** EXERCISE BRIEF **
Before you write out the listing, remove the pictures; everything else stays exactly as it is.

COLLECTED DATA section start

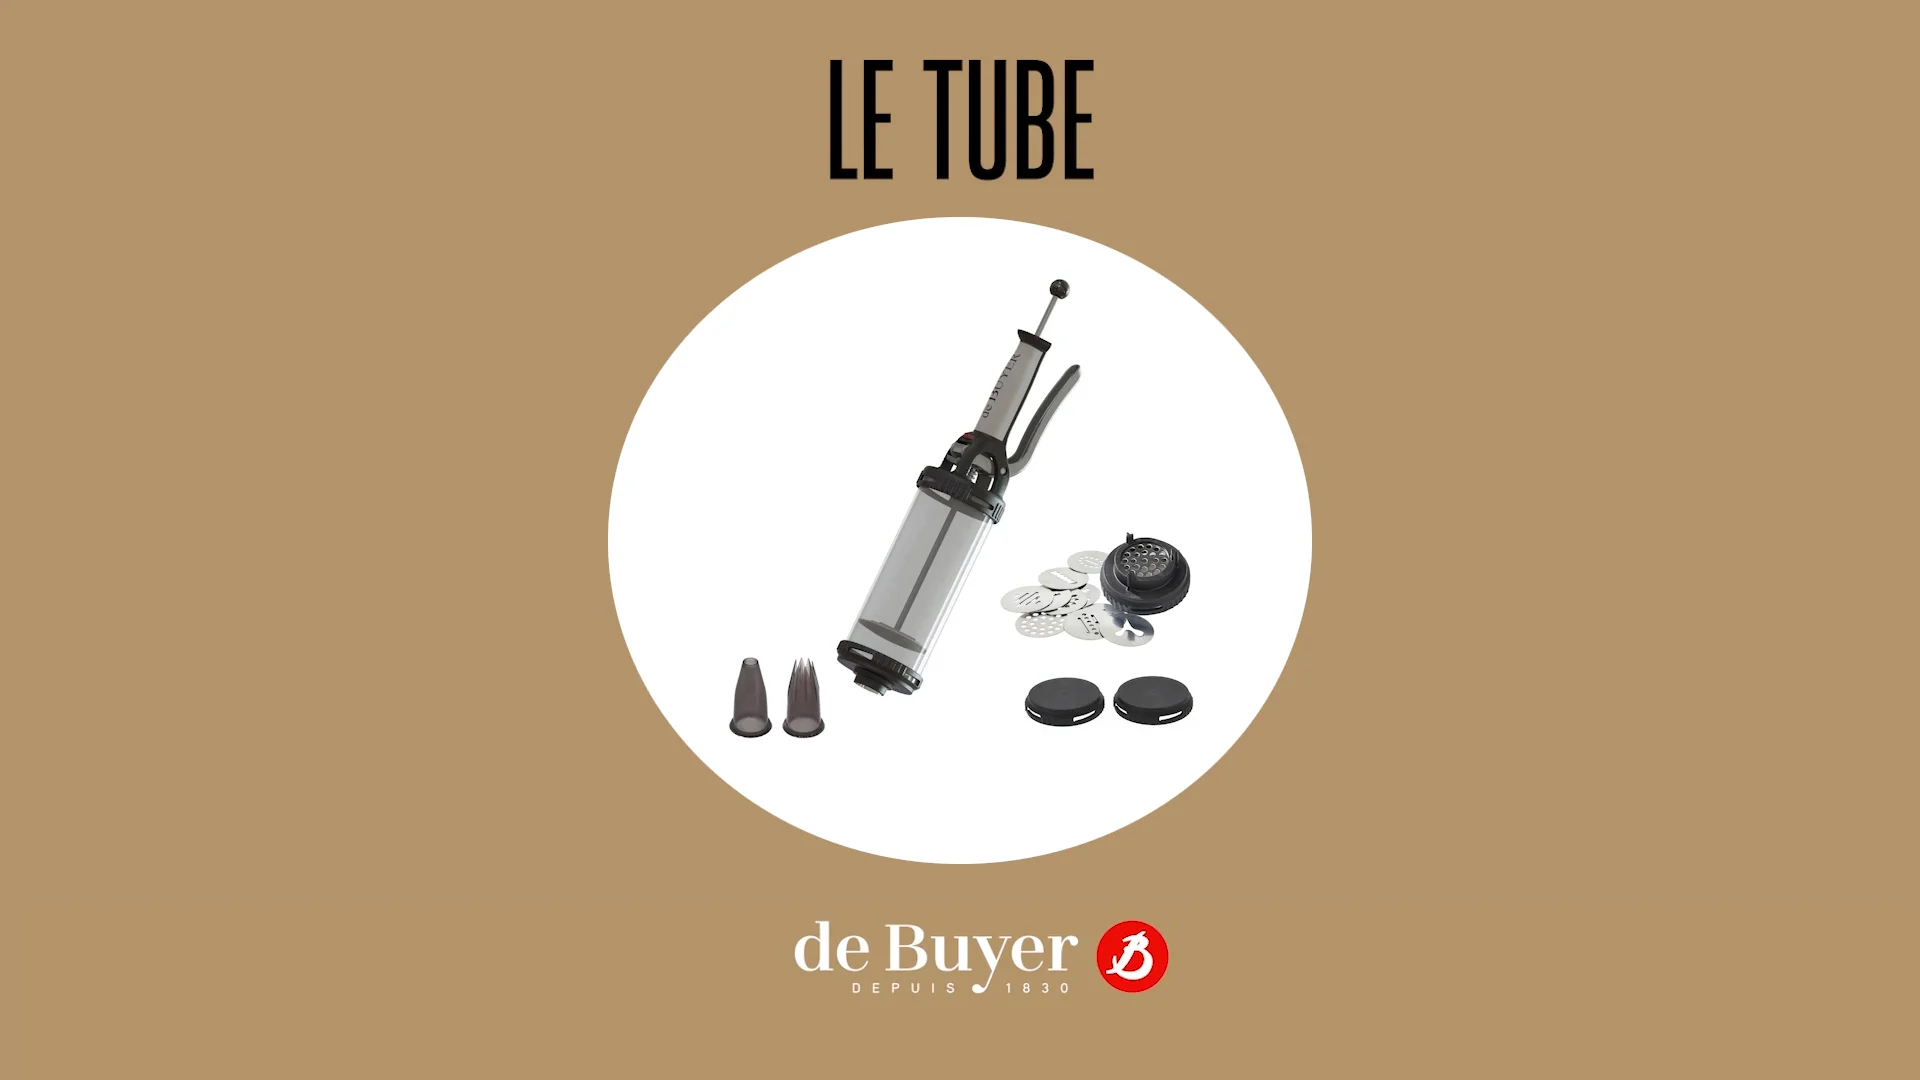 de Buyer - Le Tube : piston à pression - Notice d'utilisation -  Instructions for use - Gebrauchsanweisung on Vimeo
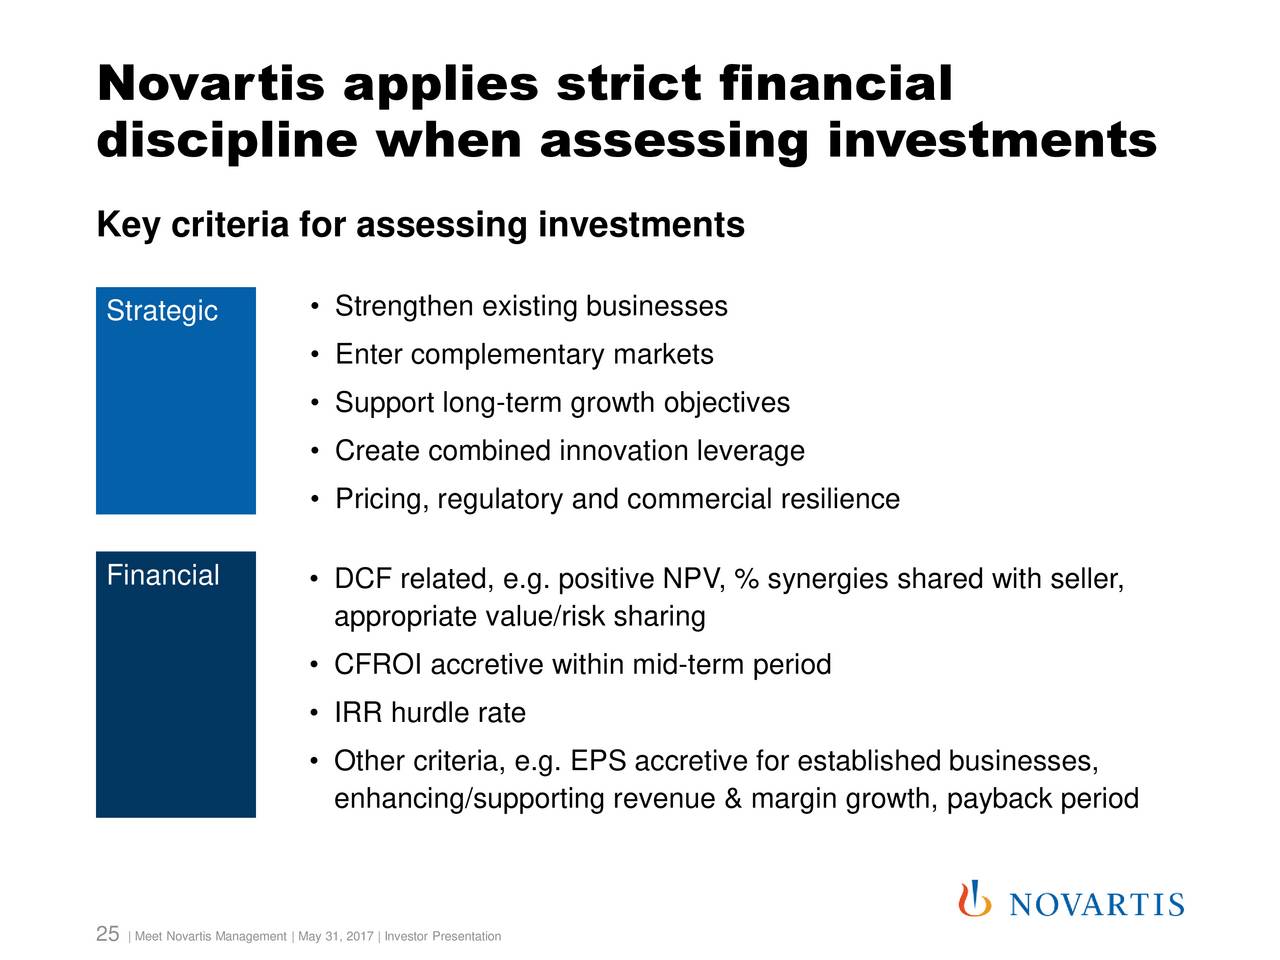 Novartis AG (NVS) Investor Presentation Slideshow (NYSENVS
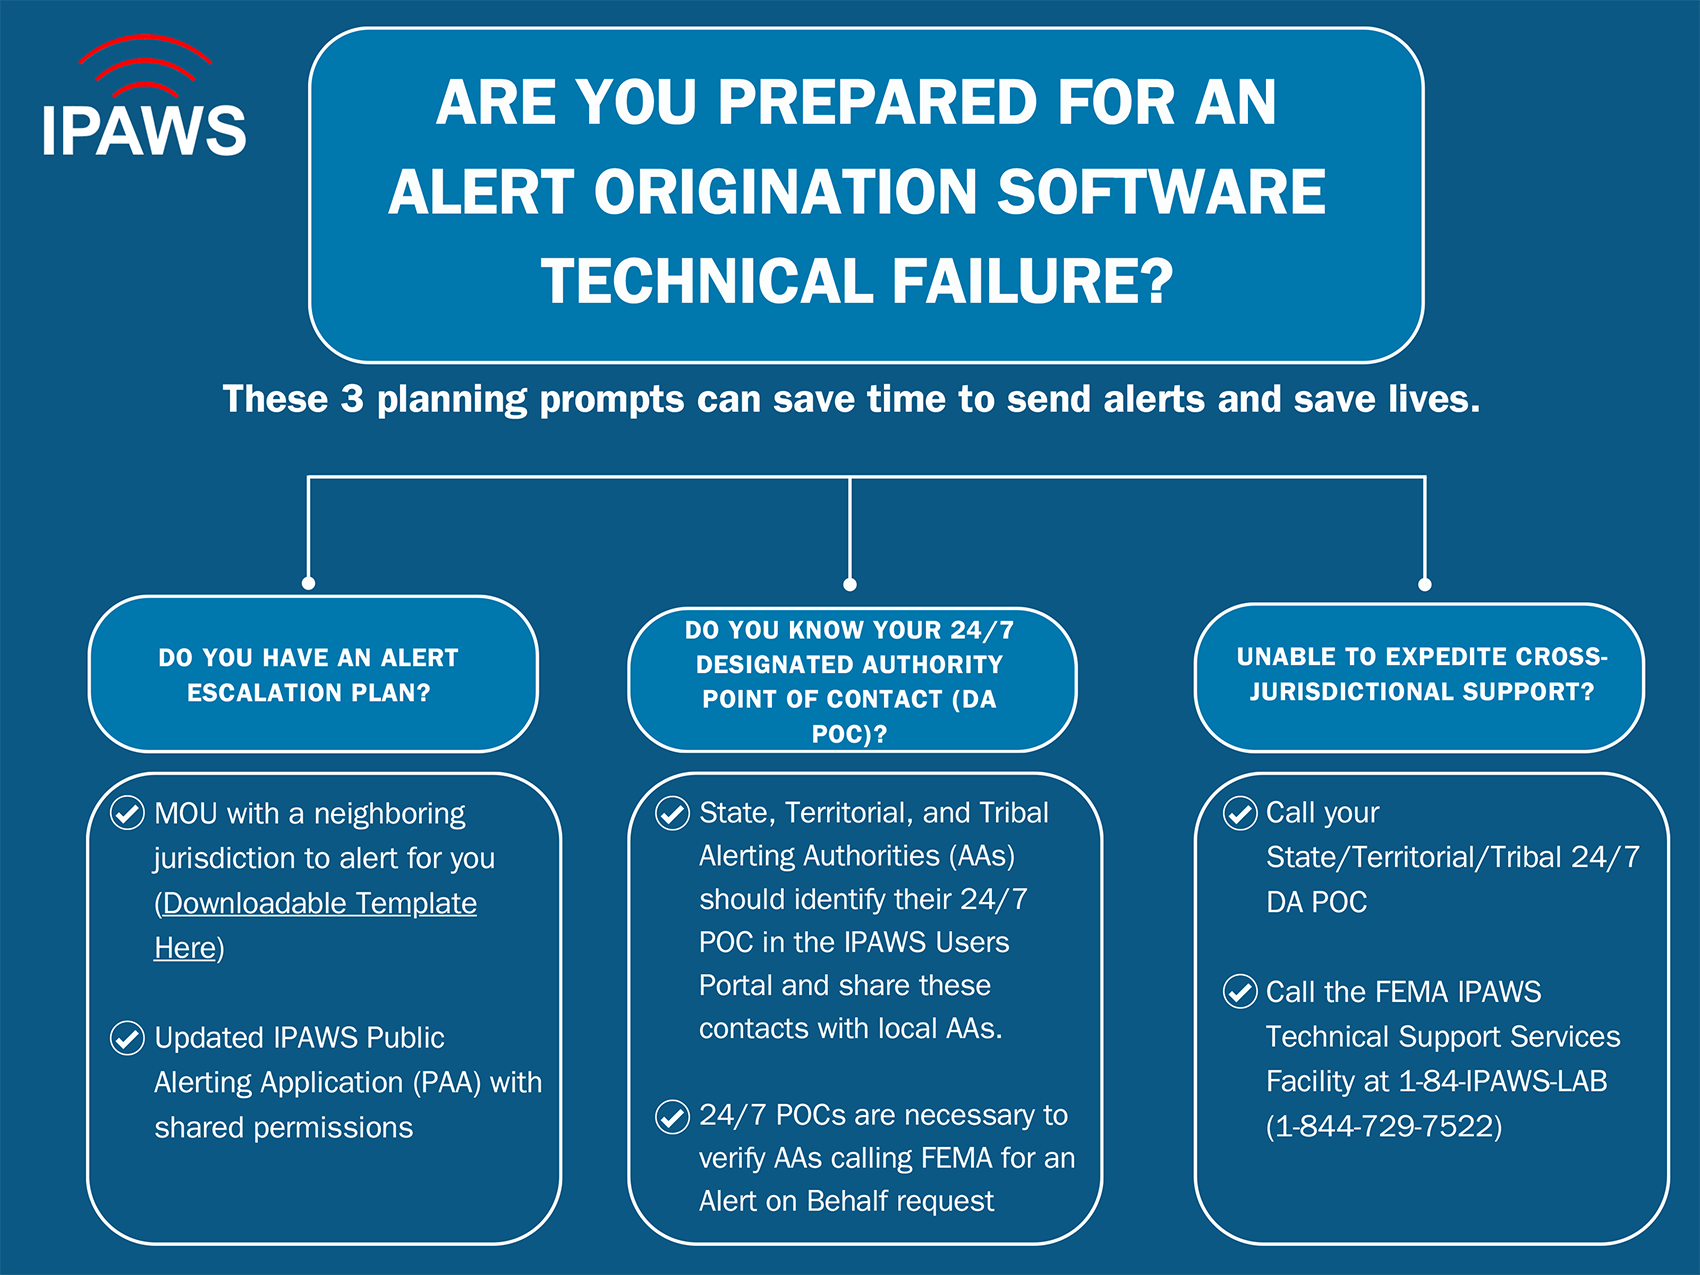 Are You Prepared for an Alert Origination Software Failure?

COLLECTED DATA section end

** TASK ANSWER **
 de Buyer - Le Tube : piston à pression - Notice d'utilisation -  Instructions for use - Gebrauchsanweisung on Vimeo
 Novartis AG (NVS) Investor Presentation Slideshow (NYSENVS
 Are You Prepared for an Alert Origination Software Failure?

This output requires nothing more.